* _THE PROBLEM_
No pictures belong in the copy. Restate the rest of the data exactly.

* _DATASET EXCERPT_
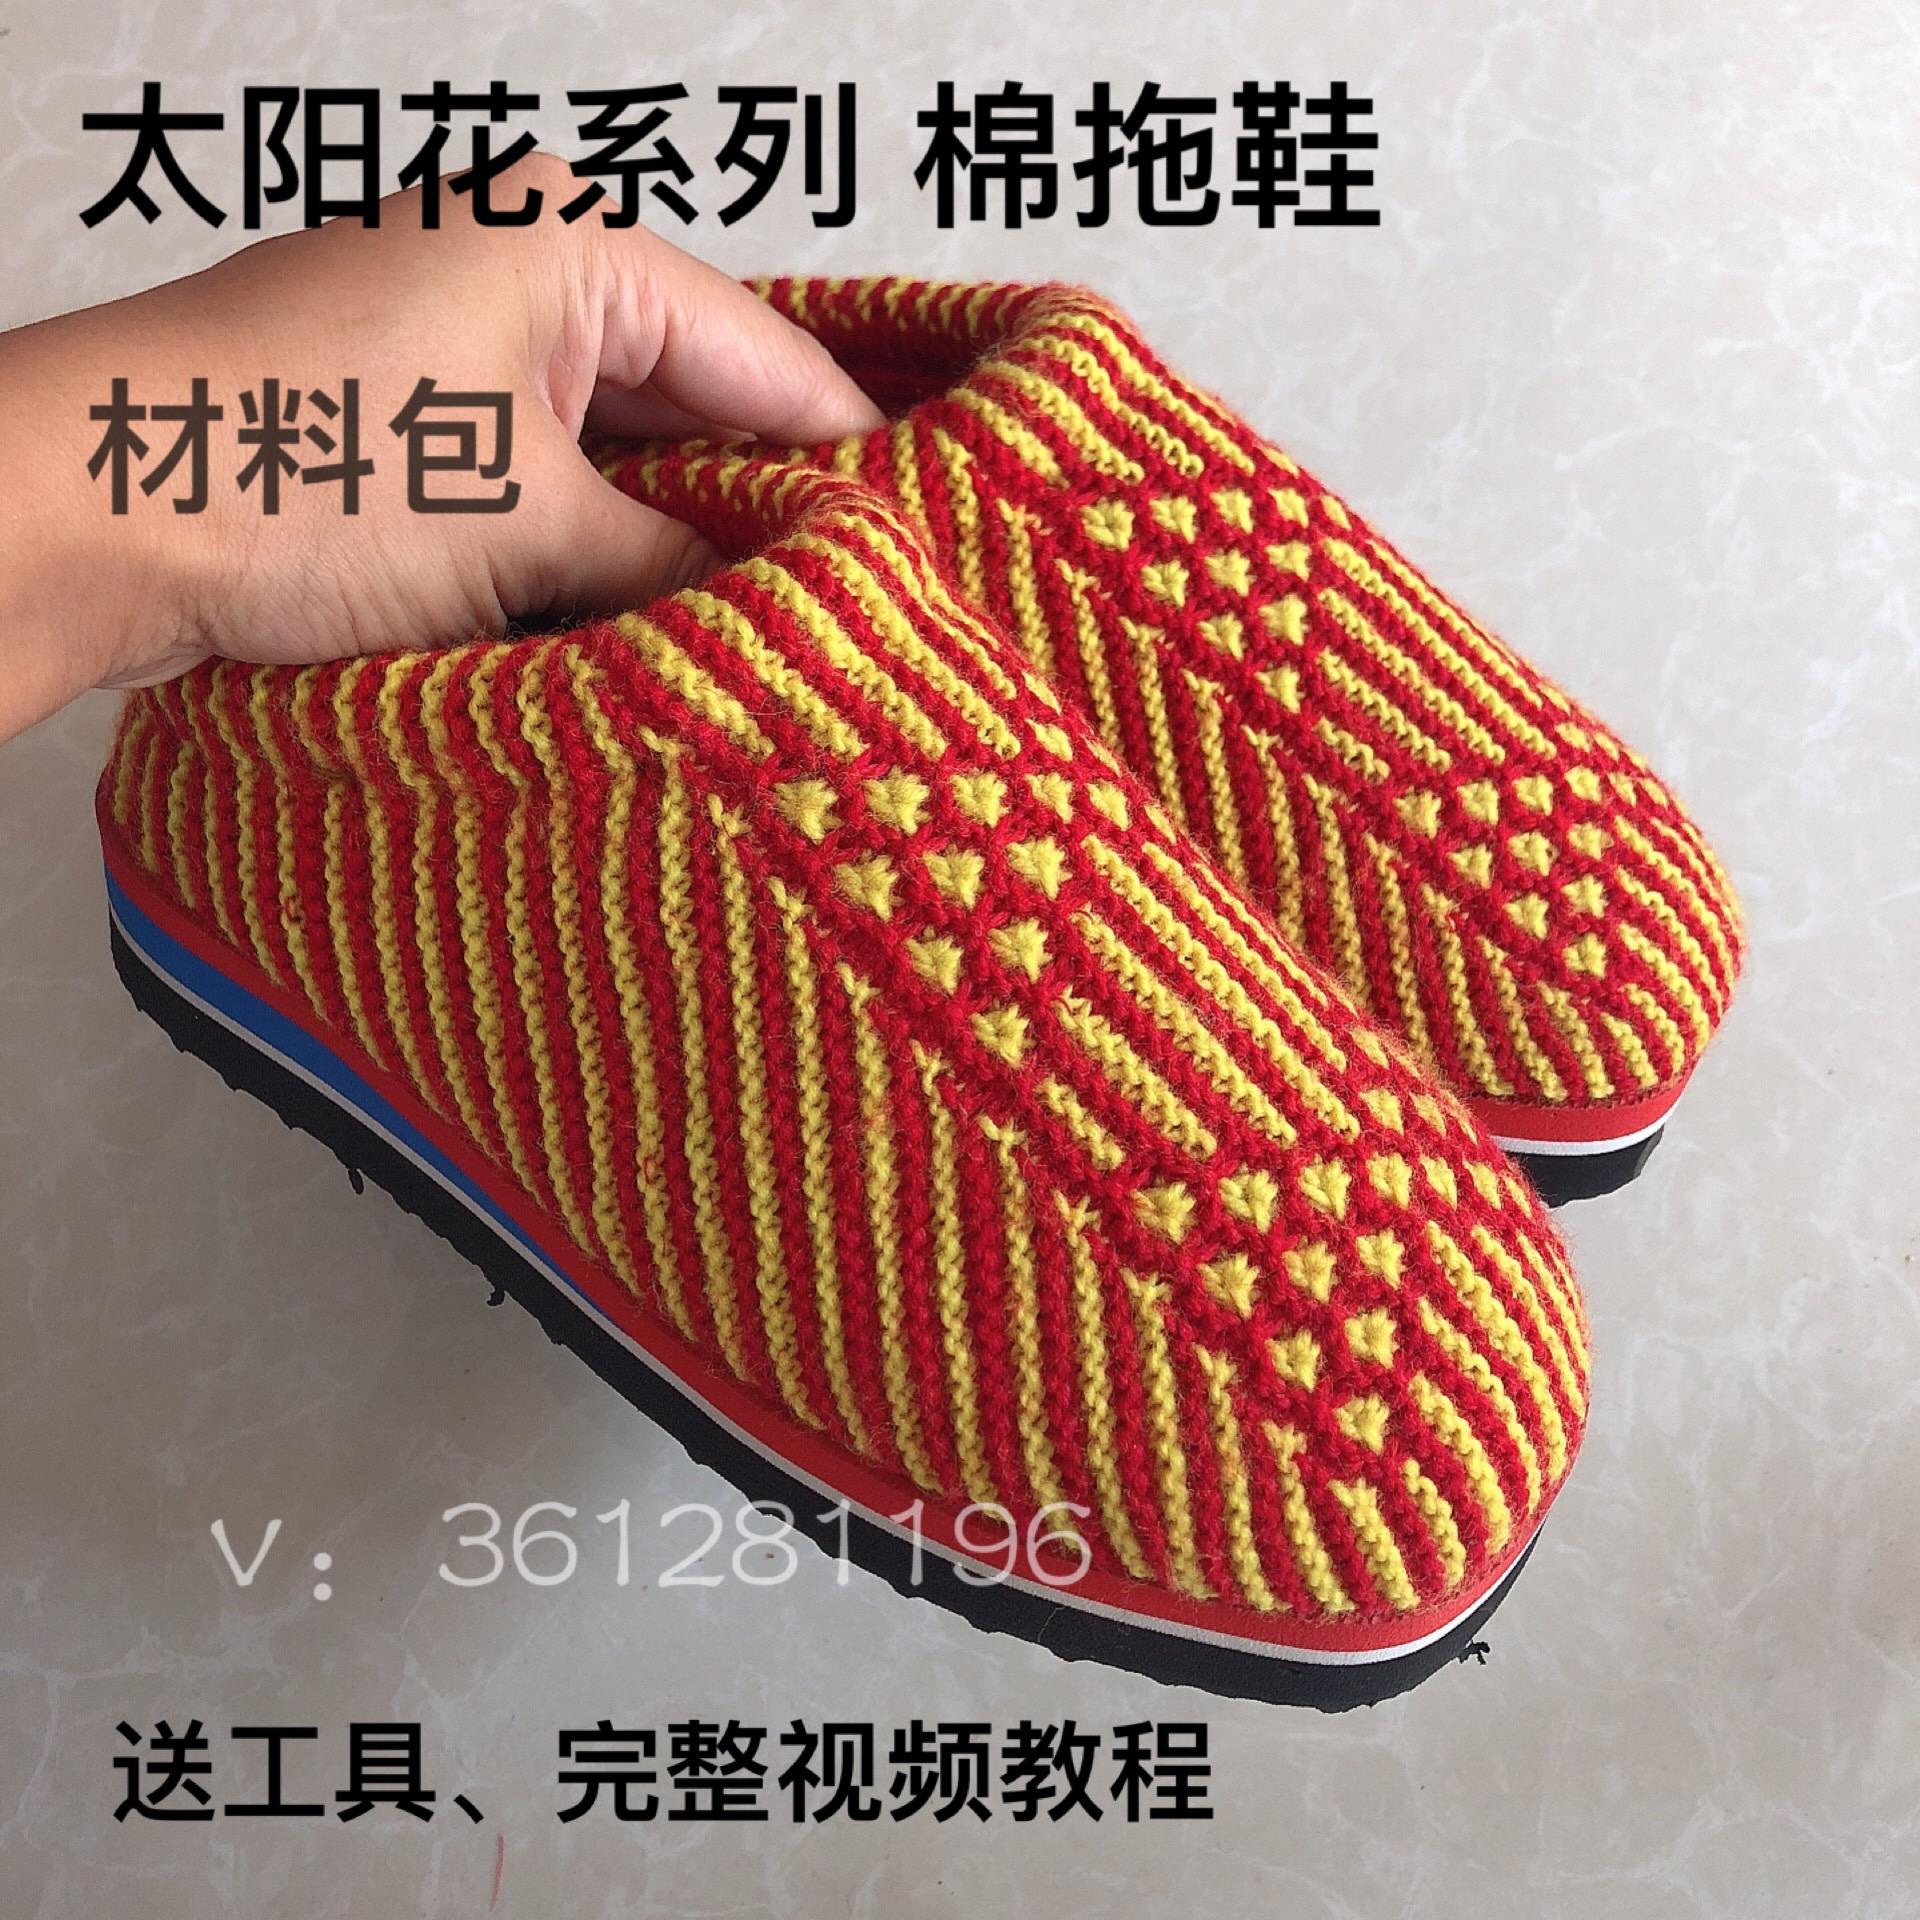 婷婷纯手工编织 太阳花系列 棉拖鞋毛线材料 送工具视频教程
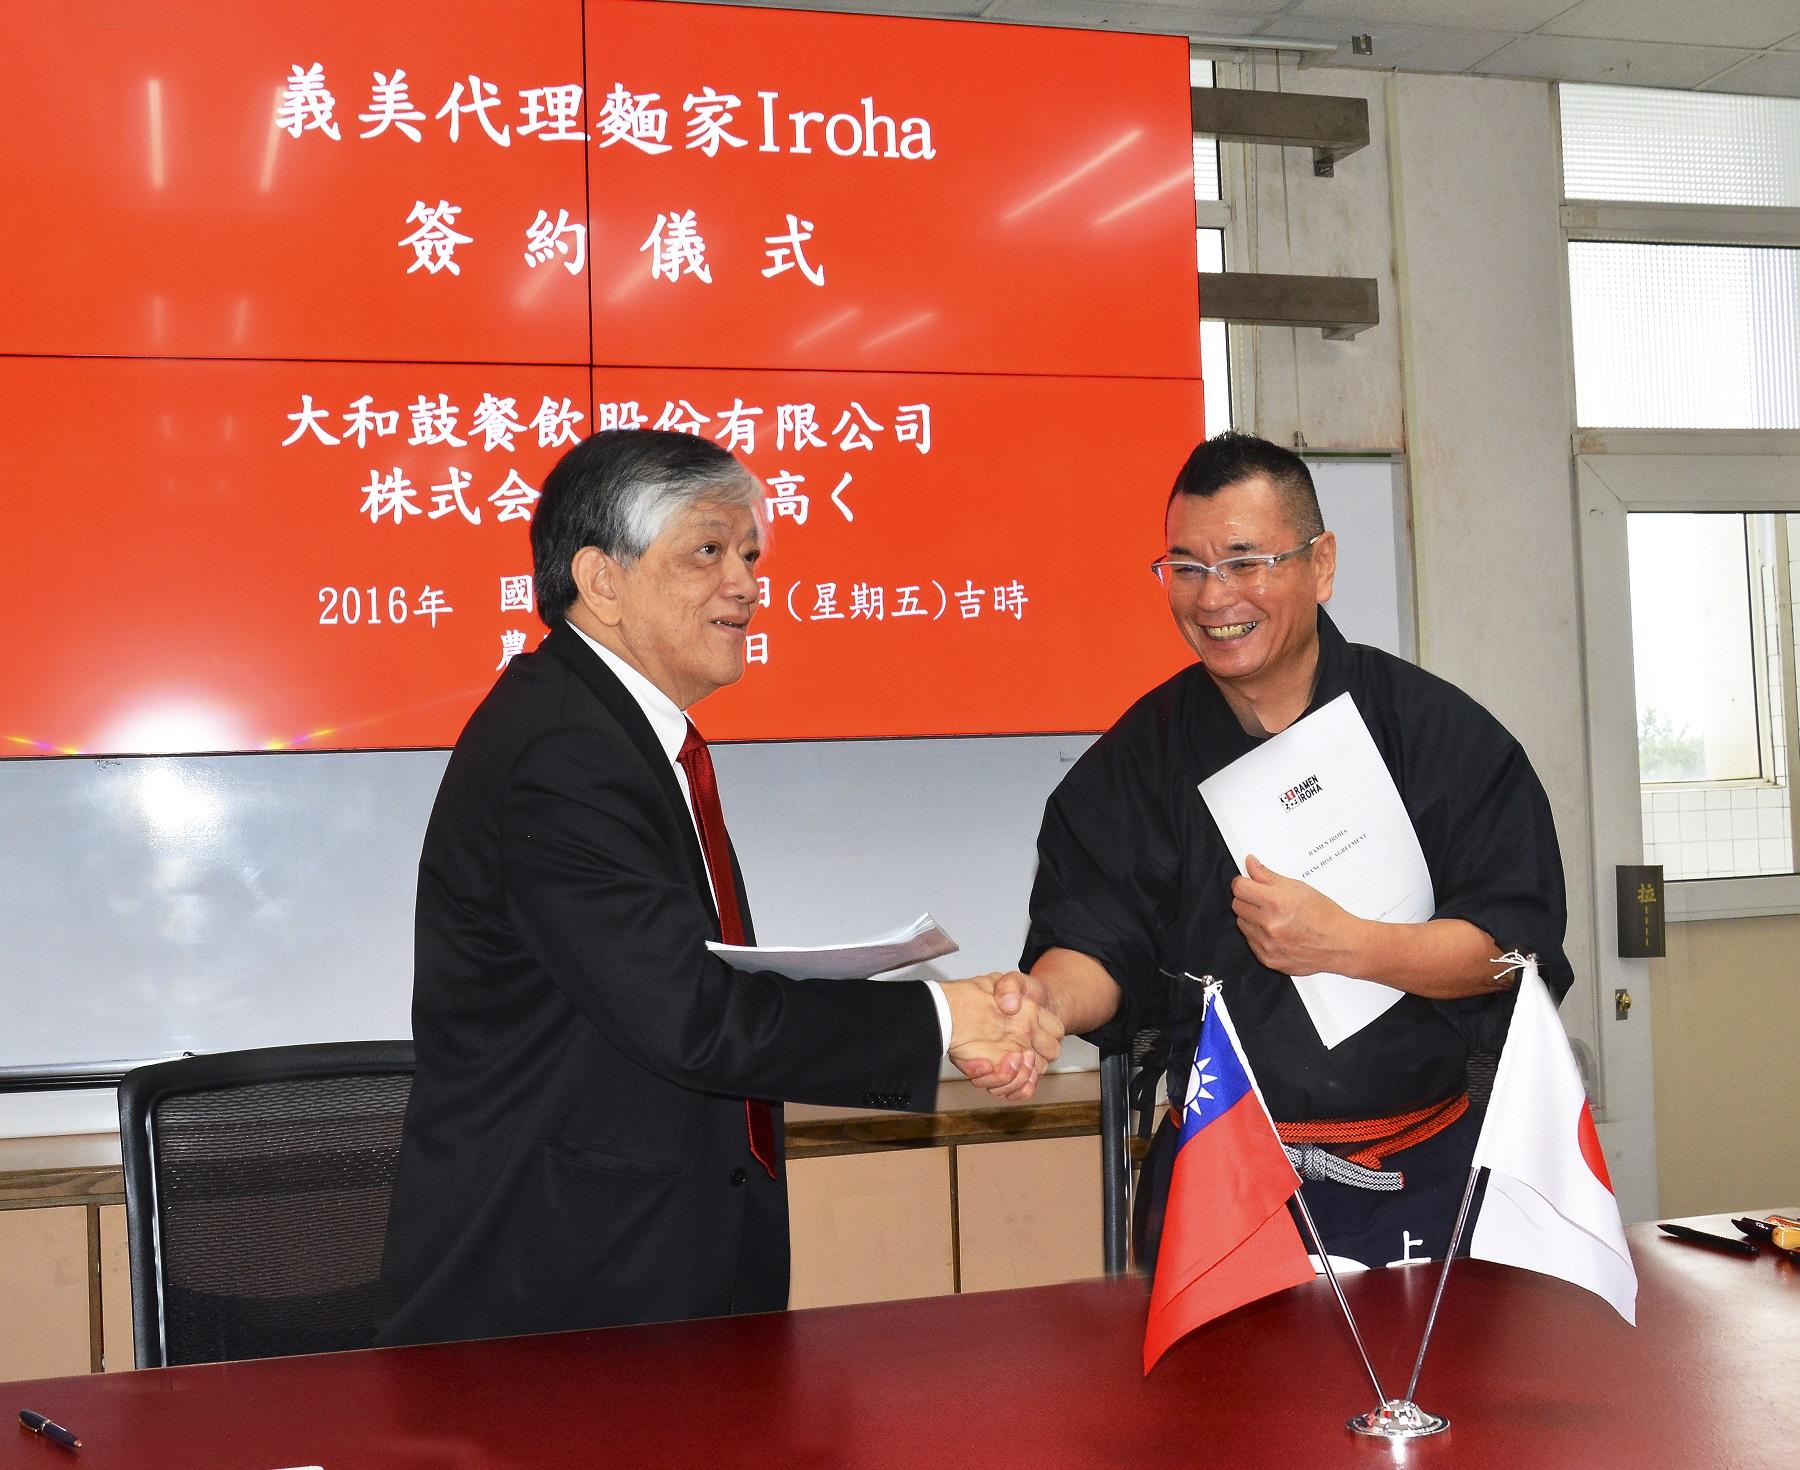 來自日本的麵家IROHA社長栗原清,9日在台灣與義美食品總經理高志明,進行簽約儀式。
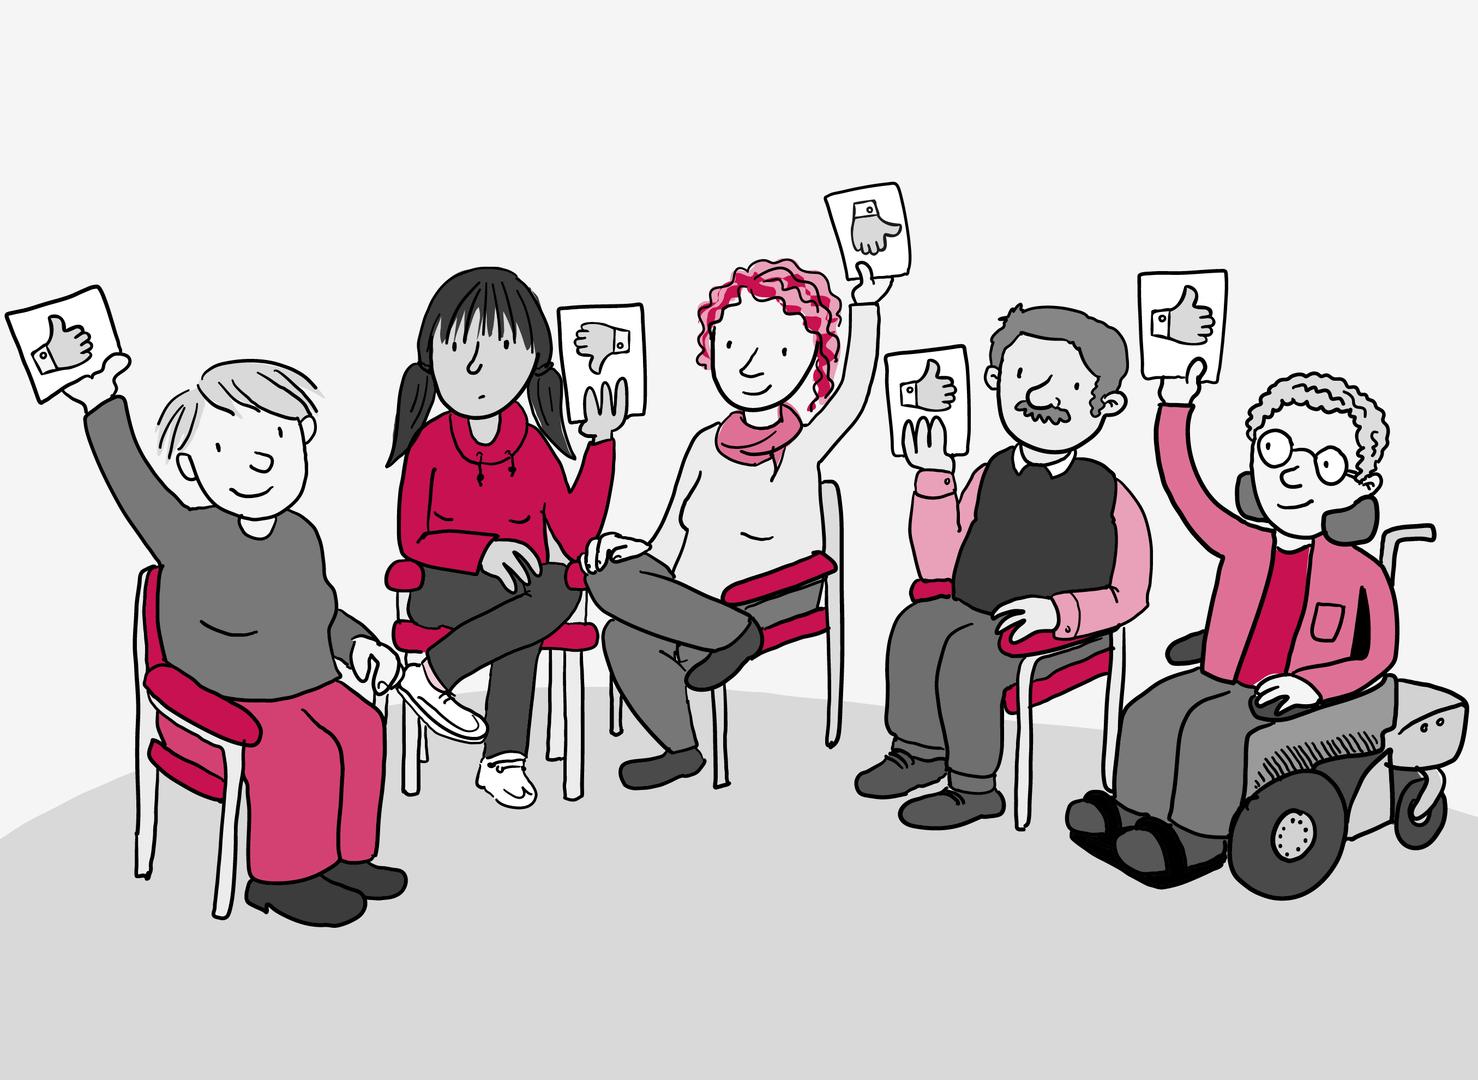 5 Menschen sitzen in einem Halbkreis. Sie heben Abstimmungs-Karten mit Daumen-Symbolen in die Höhe. 3 Karten zeigen den Daumen nach oben, eine Karte zeigt den Daumen nach unten und eine Karte zeigt den Daumen waagerecht.

* _TASK ANSWER_
 婷婷纯手工编织 太阳花系列 棉拖鞋毛线材料 送工具视频教程
 來自日本的麵家IROHA社長栗原清,9日在台灣與義美食品總經理高志明,進行簽約儀式。
 5 Menschen sitzen in einem Halbkreis. Sie heben Abstimmungs-Karten mit Daumen-Symbolen in die Höhe. 3 Karten zeigen den Daumen nach oben, eine Karte zeigt den Daumen nach unten und eine Karte zeigt den Daumen waagerecht.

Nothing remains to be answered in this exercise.